No caso de Priscila da Silva, de 35 anos, tudo vai mudar radicalmente. A começar pelo endereço. Agora com a certidão retificada, a pedagoga vai alterar todos os demais documentos para, de passaporte novo, em breve desembarcar na Europa para ficar de vez. “Fazer a retificação não é simples nem barato. E há muita falta de informação também. Por isso, a presença da Defensoria foi de extrema importância pra gente. Porque mudar o nome e o gênero é um direito nosso, mas parece que a gente tem que brigar por ele. Sem essa retificação, eu poderia perder trabalho em Portugal. Agora, eu vou tranquila”, comemorou.

 

 

Já o professor de Geografia Shay Castro, de 41 anos, foi abraçado pelos amigos assim que recebeu a nova certidão. Pra ele, o dia de hoje teve um significado especial. “Meu nome significa “presente”. É como se eu estivesse me dando de presente pra mim mesmo. Porque ser trans e se identificar como trans é muito difícil. As pessoas falam que é uma escolha, mas não é. A gente nasce assim. E se reconhecer numa sociedade que é altamente violenta contra a pessoa que a gente se reconhece é complicado. Meus amigos fizeram ser mais fácil. Estiveram comigo todas as vezes que eu precisei.”
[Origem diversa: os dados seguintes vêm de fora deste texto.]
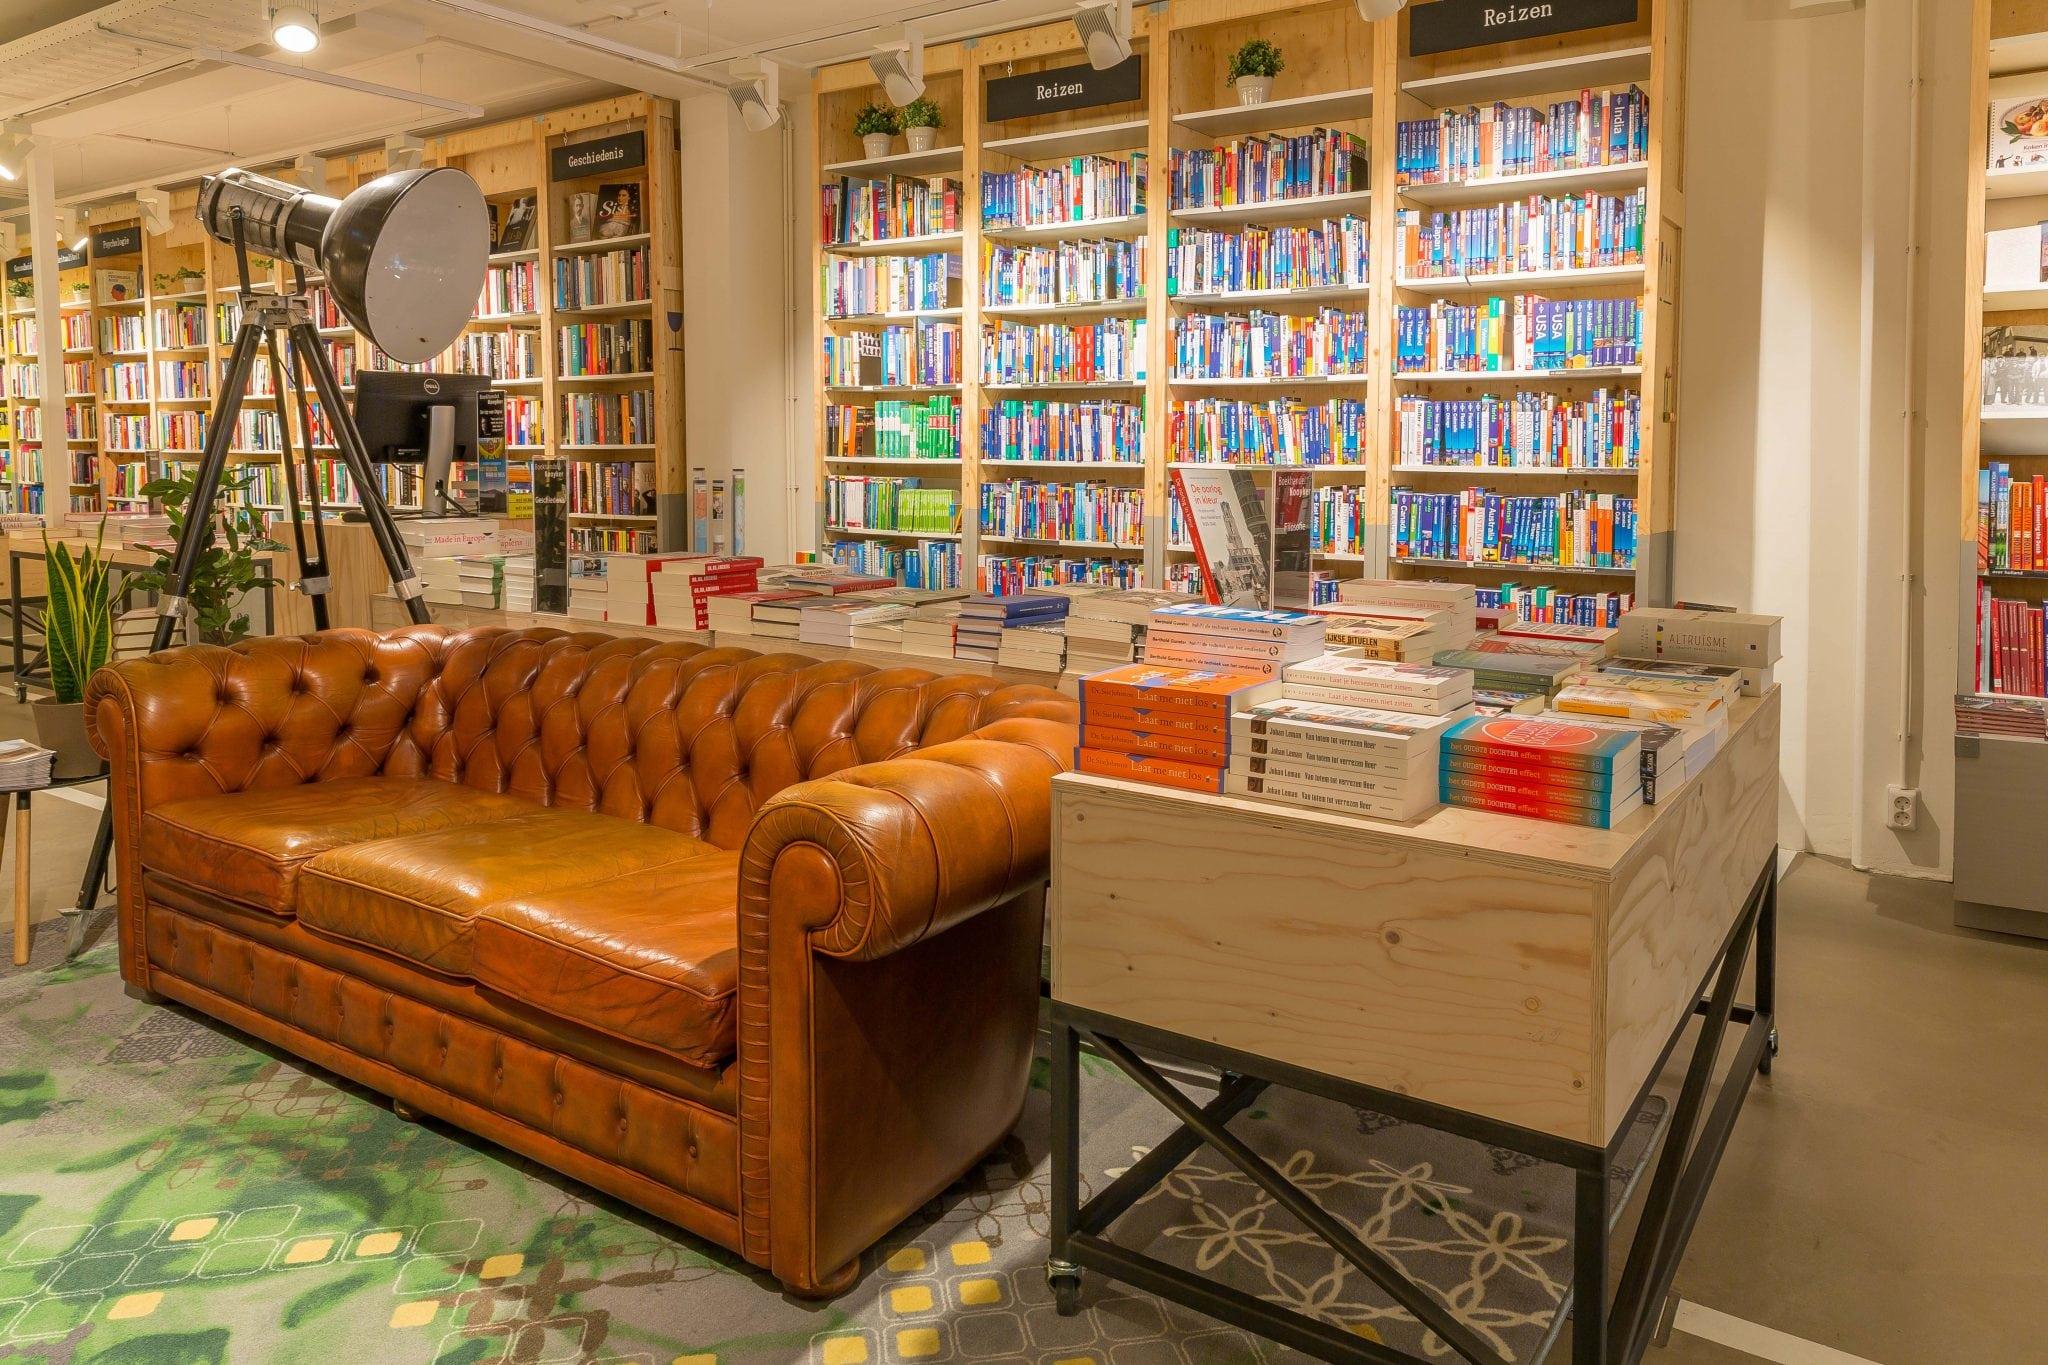 Hiddemafotografie-boekhandel kooyker (23)

O próximo passo agora é conversar com os pais. “Eles são agricultores e não entendem muito. Mas é um tijolinho de cada vez. Comigo mesmo foi assim. Eu me descobri uma pessoa trans no meio da pandemia e, aos poucos, sozinho em casa, assistindo a várias lives, vi homens trans e percebi que o que acontecia com eles era o que acontecia comigo. Eu posso até comemorar como aniversário, viu? Porque você nasce novamente. É um novo ciclo que vou iniciar”, sentencia.